El cometa 3I/ATLAS continúa fascinando a la comunidad científica. Los dos orbitadores marcianos de la Agencia Espacial Europea (ESA), el ExoMars TGO y el Mars Express, lograron capturar imágenes extraordinarias del cometa interestelar durante su paso más cercano al planeta rojo, ocurrido el pasado 3 de octubre de 2025. Este visitante cósmico, originario de fuera del Sistema Solar, pasó a solo 30 millones de kilómetros de los satélites, brindando la mejor perspectiva de observación entre todas las naves espaciales de la ESA.
Cada orbitador utilizó su cámara especializada para observar a 3I/ATLAS, pese a que estos instrumentos están diseñados para registrar la brillante superficie de Marte a corta distancia.

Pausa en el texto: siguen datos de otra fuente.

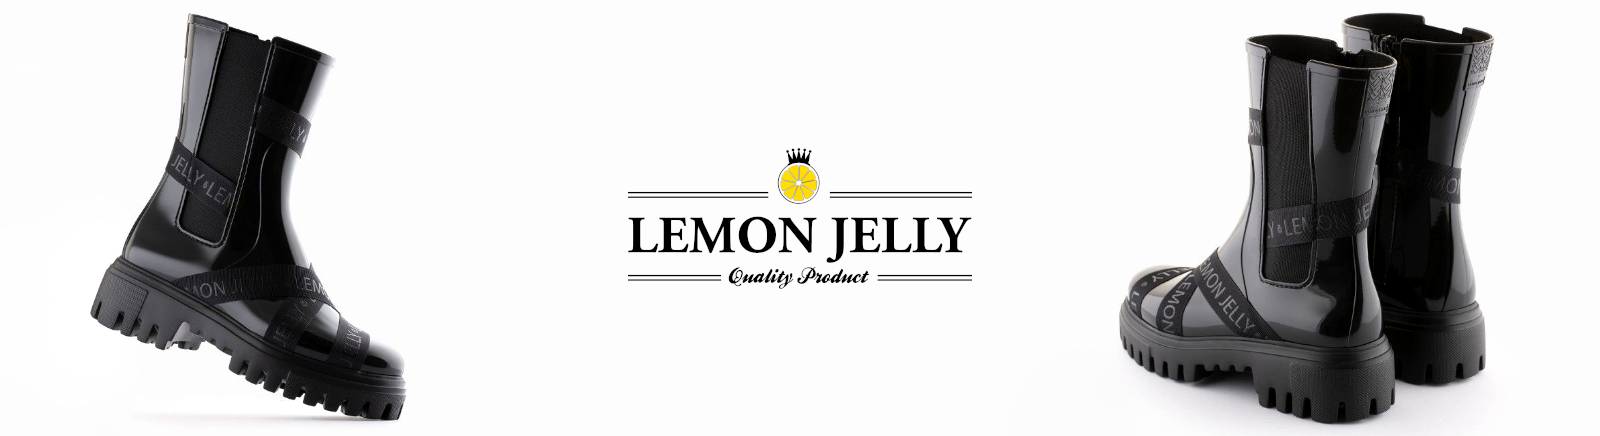 Lemon Jelly Markenschuhe online bestellen im Prange Schuhe Shop

Los científicos no sabían con certeza qué resultados esperar, dado que el cometa es un objeto débil y extremadamente distante. Sin embargo, el ExoMars TGO consiguió imágenes a través de su sistema CaSSIS (Color and Stereo Surface Imaging System), donde el cometa aparece como un punto luminoso difuminado, el cual corresponde al núcleo y a la coma que lo rodea.
Un desafío técnico y una imagen valiosa del 3I/ATLAS
El brillo del 3I/ATLAS resultó entre 10.000 y 100.000 veces menor que el de los objetivos habituales de la misión. Aun así, los científicos lograron distinguir su coma, el halo de gas y polvo que se forma cuando el cometa se aproxima al Sol y el calor libera materiales volátiles. Aunque la cola cometaria aún no se observó en detalle, los astrónomos creen que podrá visualizarse en las próximas semanas, a medida que el cometa se caliente y aumente su actividad.
Mientras tanto, el equipo de Mars Express sigue analizando los datos, combinando múltiples exposiciones para detectar señales débiles del cometa y estudiar su espectro luminoso mediante los instrumentos OMEGA, SPICAM y NOMAD. El análisis, que se prolongará durante los próximos meses, busca comprender la composición química y el comportamiento del 3I/ATLAS conforme se aproxima al Sol.

Un visitante interestelar y un reto para la ESA
El 3I/ATLAS es apenas el tercer cometa interestelar conocido, tras 1I/ʻOumuamua (2017) y 2I/Borisov (2019). Detectado por el sistema ATLAS en Chile el 1 de julio de 2025, este objeto viaja a una velocidad superior a 220.000 km/h y podría ser más antiguo que el propio Sistema Solar, con una edad estimada en 7.000 millones de años.
La ESA continuará su seguimiento con nuevas observaciones desde la misión Juice (Jupiter Icy Moons Explorer), que estudiará al cometa tras su máximo acercamiento al Sol, y prepara la futura misión Comet Interceptor, cuyo lanzamiento está previsto para 2029.
“Cada objeto interestelar como 3I/ATLAS es una ventana al pasado de la galaxia”, señaló Michael Kueppers, científico del proyecto Comet Interceptor. “Una misión de encuentro cercano podría revolucionar nuestra comprensión del origen de estos viajeros cósmicos”.
El paso de 3I/ATLAS frente a Marte representa un hito en la observación astronómica moderna. Sus imágenes y datos se sumarán al archivo histórico de la ESA y servirán de referencia para futuras investigaciones sobre cuerpos interestelares. Comprender su estructura y su trayectoria podría aportar claves sobre la formación de planetas, la distribución de los elementos pesados en la galaxia y la evolución temprana del cosmos.
A medida que el cometa se aleje del Sol y se dirija hacia los límites del sistema solar, seguirá siendo objeto de seguimiento internacional. En los próximos meses, telescopios terrestres y espaciales continuarán observando su comportamiento para determinar si presenta variaciones en su brillo o actividad, y así completar el retrato más detallado jamás obtenido de un visitante interestelar.
Lo que hace único al 3I/ATLAS es su composición química inusual. Algunos análisis iniciales sugieren la presencia de aleaciones metálicas de níquel sin hierro y actividad cometaria en zonas demasiado frías para la sublimación del agua, lo que indica una naturaleza física distinta a la de los cometas convencionales. Estas propiedades lo convierten en una auténtica cápsula del tiempo galáctica, un fragmento intacto de los primeros procesos de formación estelar ocurridos hace más de 7.000 millones de años.